# Eventus magister stultorum (est)



## Dimme

Hello. Can you tell me please what does it mean? Thank you.


----------



## shannenms

Events (are) the teacher of the stupid.

I think it is a proverb


----------



## Anne345

The event is the teacher of stupids.


----------



## wonderment

Experience is the teacher of fools. Or as Eleanor Roosevelt put it: “Learn from the mistakes of others. You can’t live long enough to make them all yourself.”


----------



## Anne345

Or
Those who learn (only) from events are fools


----------



## Spectre scolaire

Latin eventus could mean *fate* as much as *event* or *experience*.

Hence, “if you let fate be your teacher, you are stupid”, or more literally: “Fate is (only) master of the fools.”

Morale: Take fate into your own hands!

Just a thought...
 ​


----------



## Cagey

I'm not so familiar with "eventus" used with the sense of inevitabiltity of English "fate".

In context this line has the meaning Anne gives it.

Nec euentus modo hoc docet—stultorum iste magister est—sed eadem ratio (Livy 22.39)

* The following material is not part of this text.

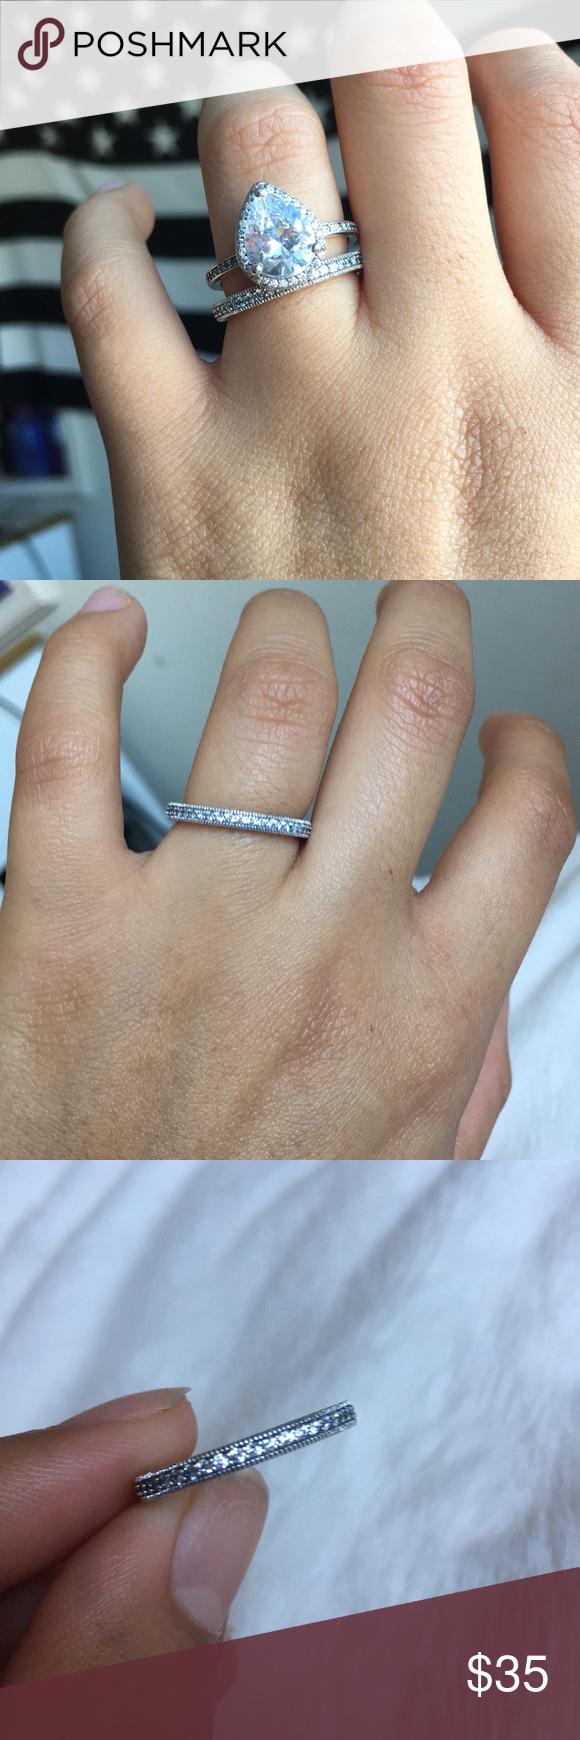 6928d2e5c ... best price 08 authentic pandora spacer ring pandora collection  authentic pandora ring size 08 spacer ring ...

"Nor does experience (consequence/ outcome/ result) alone teach this - _that_ is the teacher of fools- but even reason."​


----------



## Spectre scolaire

Cagey said:
			
		

> In context this line has the meaning Anne gives it.


 No doubt about that!

What about without the context of Tite-Live ? Would _Anne345_ agree on my interpretation?
 ​


----------